_What needs to be done_
Once the pictures are set aside, reproduce the entries below exactly.
══ Provided records ══
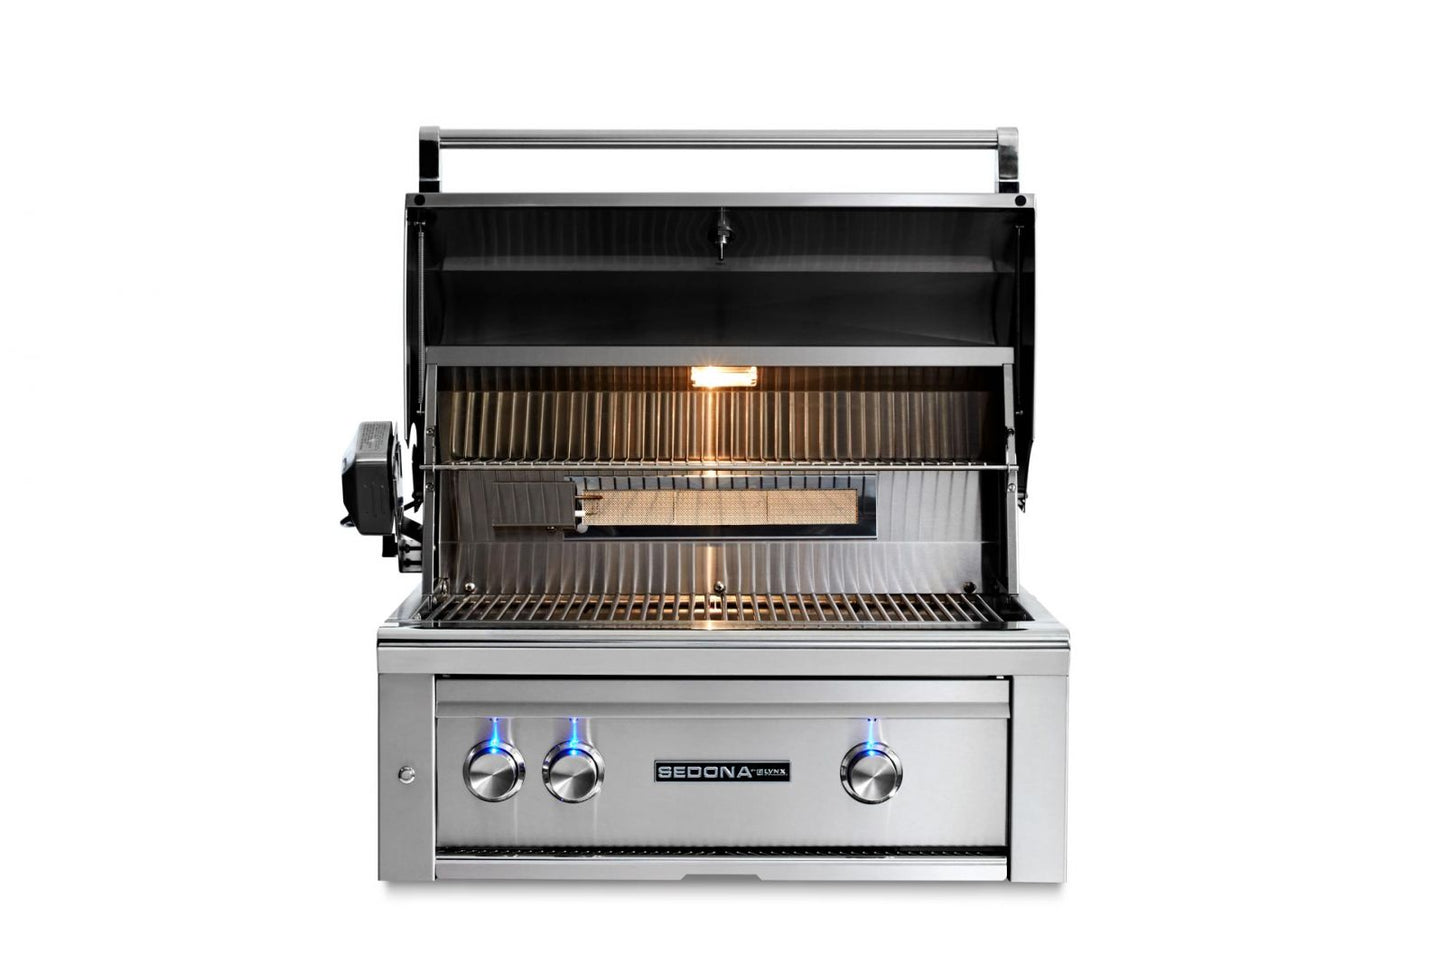 Lynx Sedona 30 Inch Propane Gas Grill with Rotisserie - SS Tube Burners
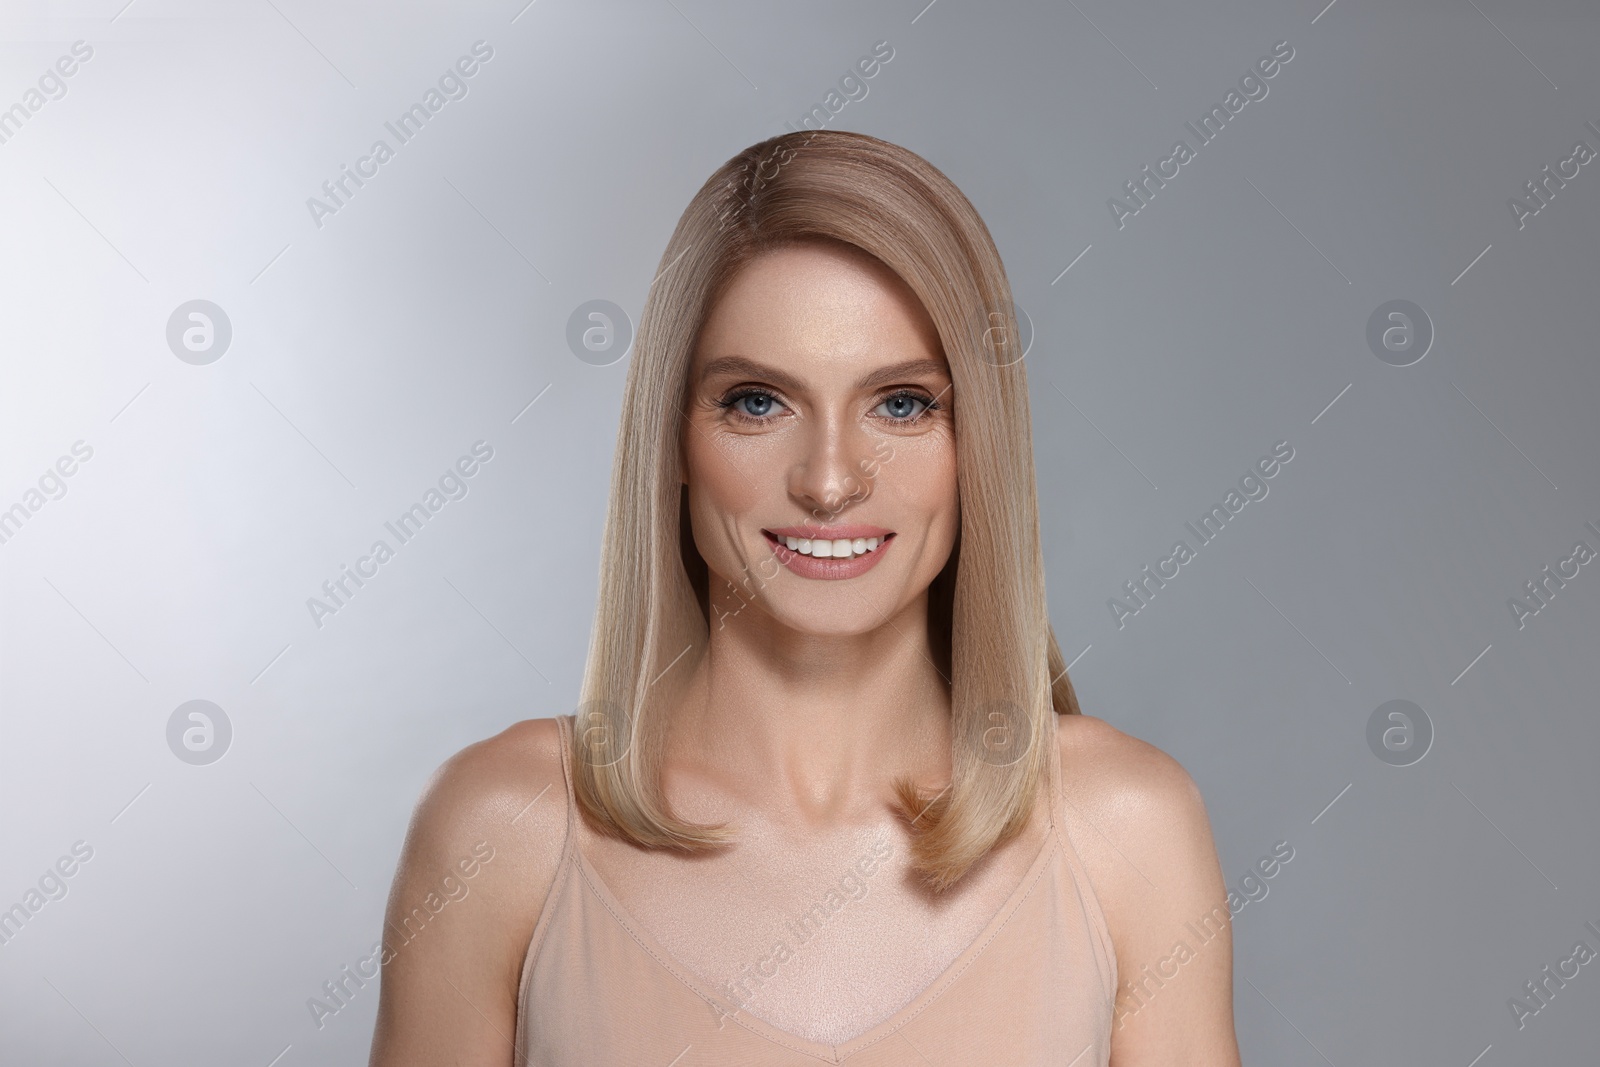 Image of Portrait of attractive woman with blonde hair smiling on grey background
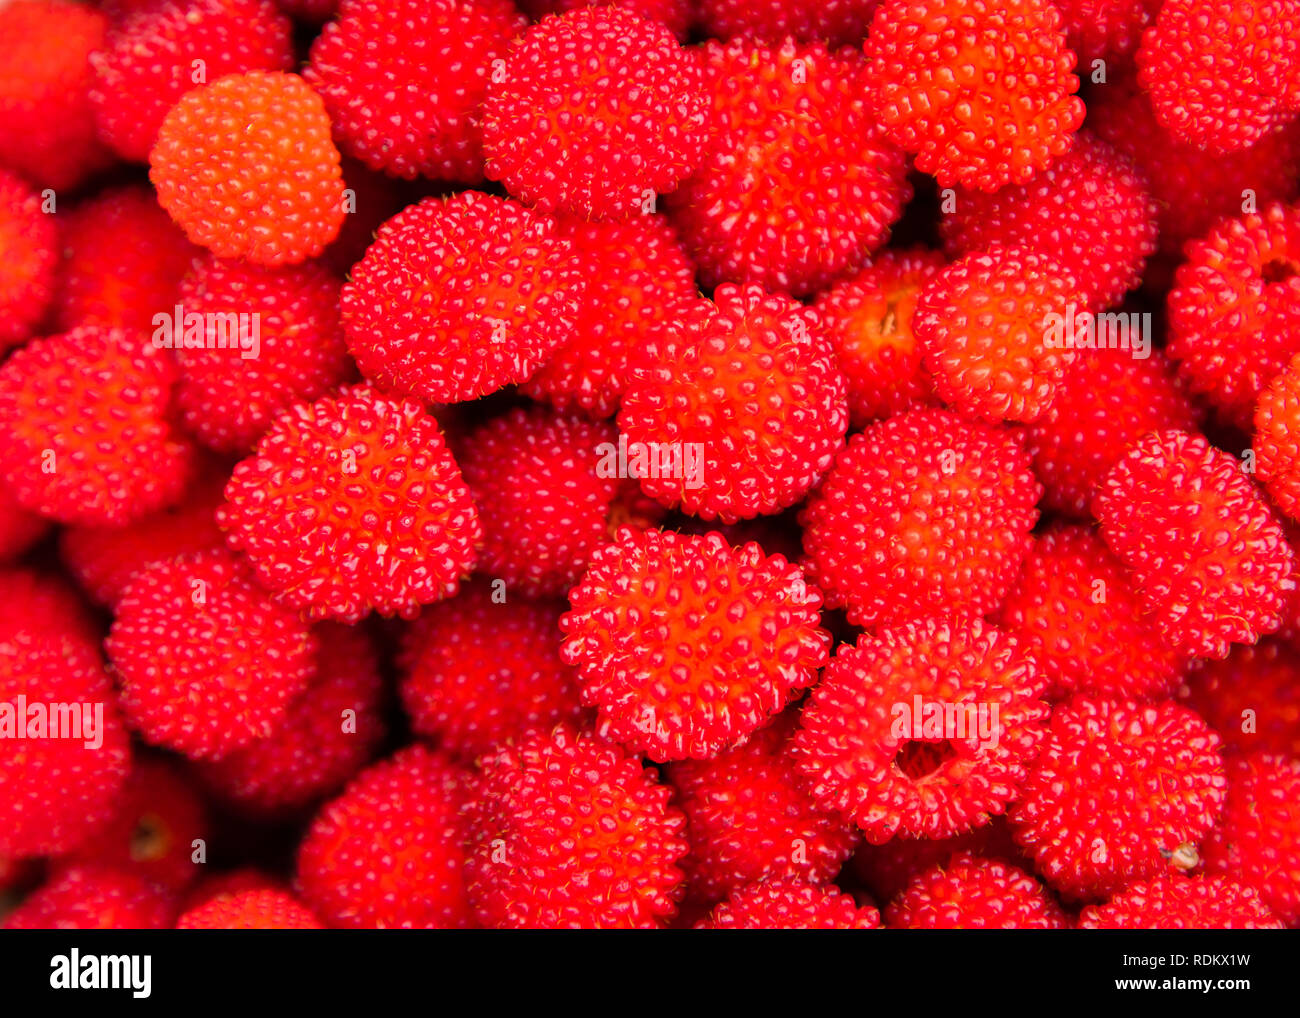 Rubus illecebrosus. Closeup of red balloon berry or strawberry raspberry is a red-fruited species of Rubus berries growing on spiky bushes. This type  Stock Photo
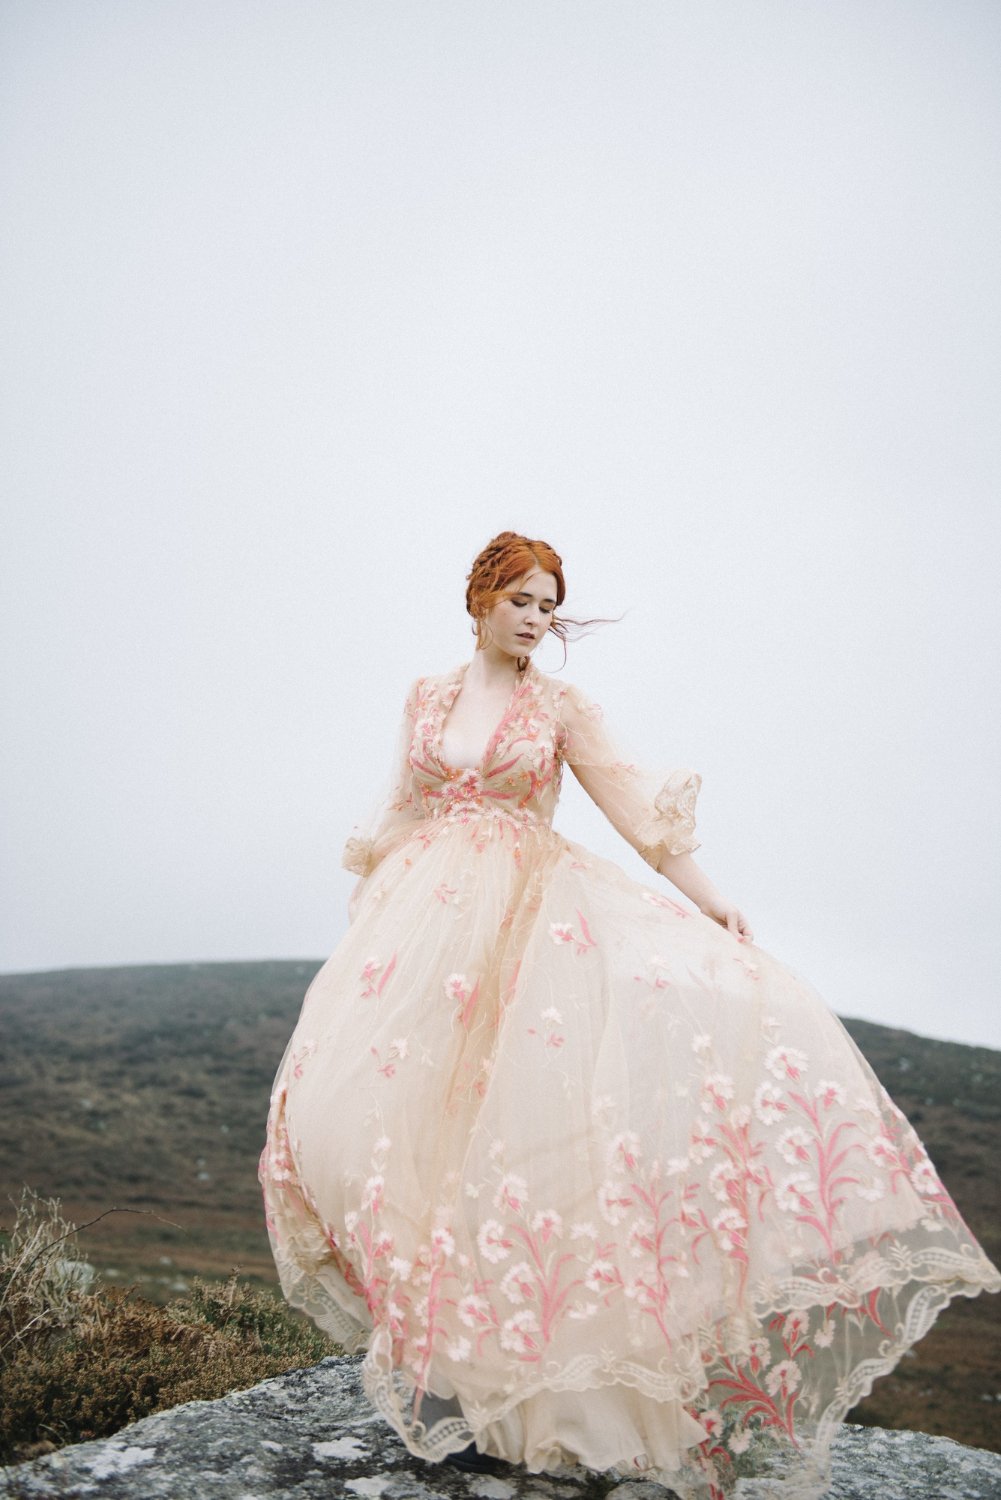 ginger female with a pure white skin in an attractive pink gown
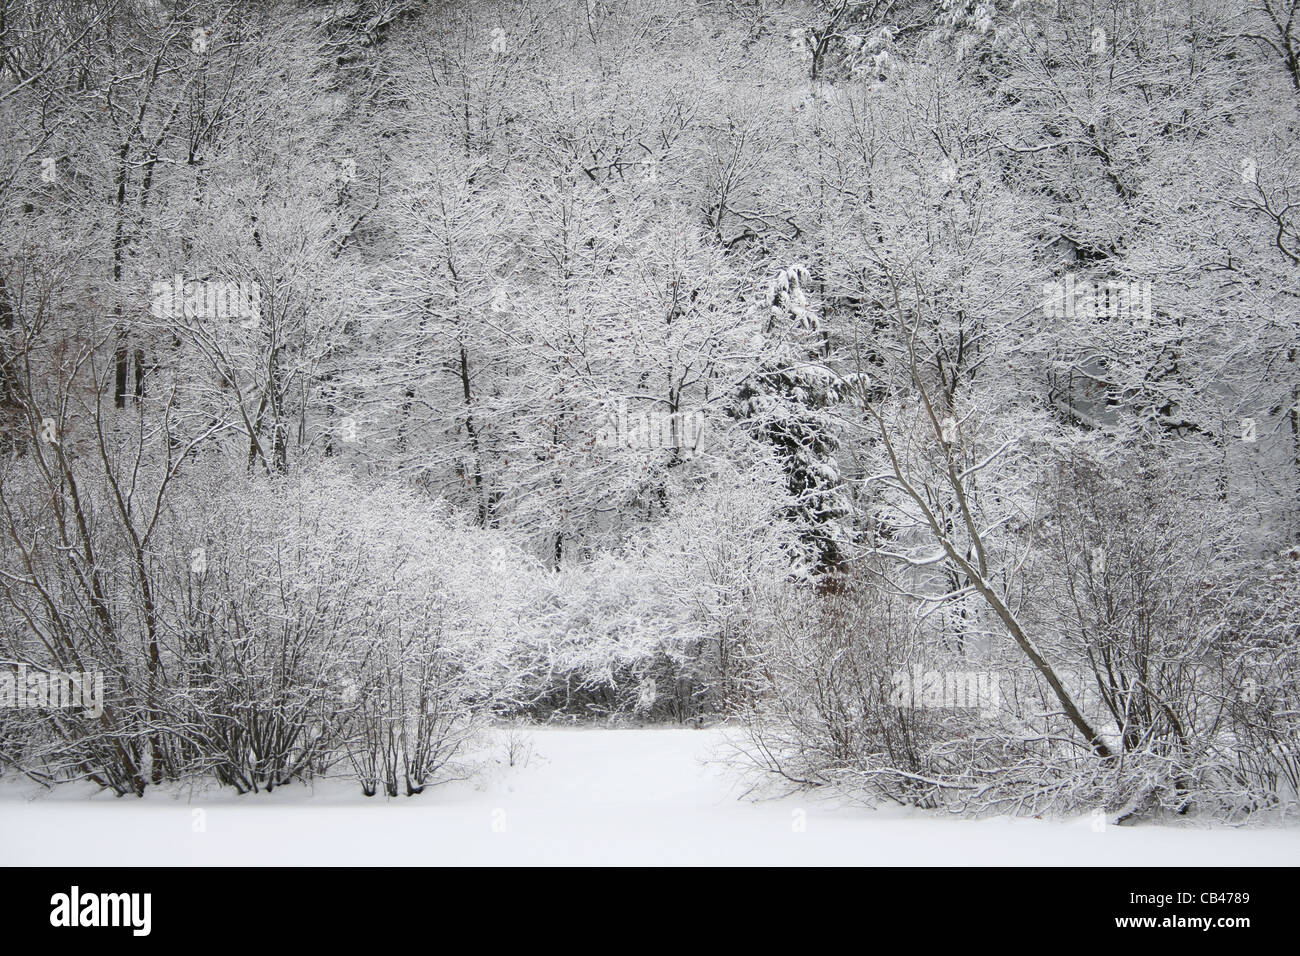 evergreen and deciduous trees and bushes with snow on the branches and ground. High contrast image. Stock Photo
═══
_Task solution_
 Lynx Sedona 30 Inch Propane Gas Grill with Rotisserie - SS Tube Burners
 Image of Portrait of attractive woman with blonde hair smiling on grey background
 Rubus illecebrosus. Closeup of red balloon berry or strawberry raspberry is a red-fruited species of Rubus berries growing on spiky bushes. This type  Stock Photo
 ginger female with a pure white skin in an attractive pink gown
 evergreen and deciduous trees and bushes with snow on the branches and ground. High contrast image. Stock Photo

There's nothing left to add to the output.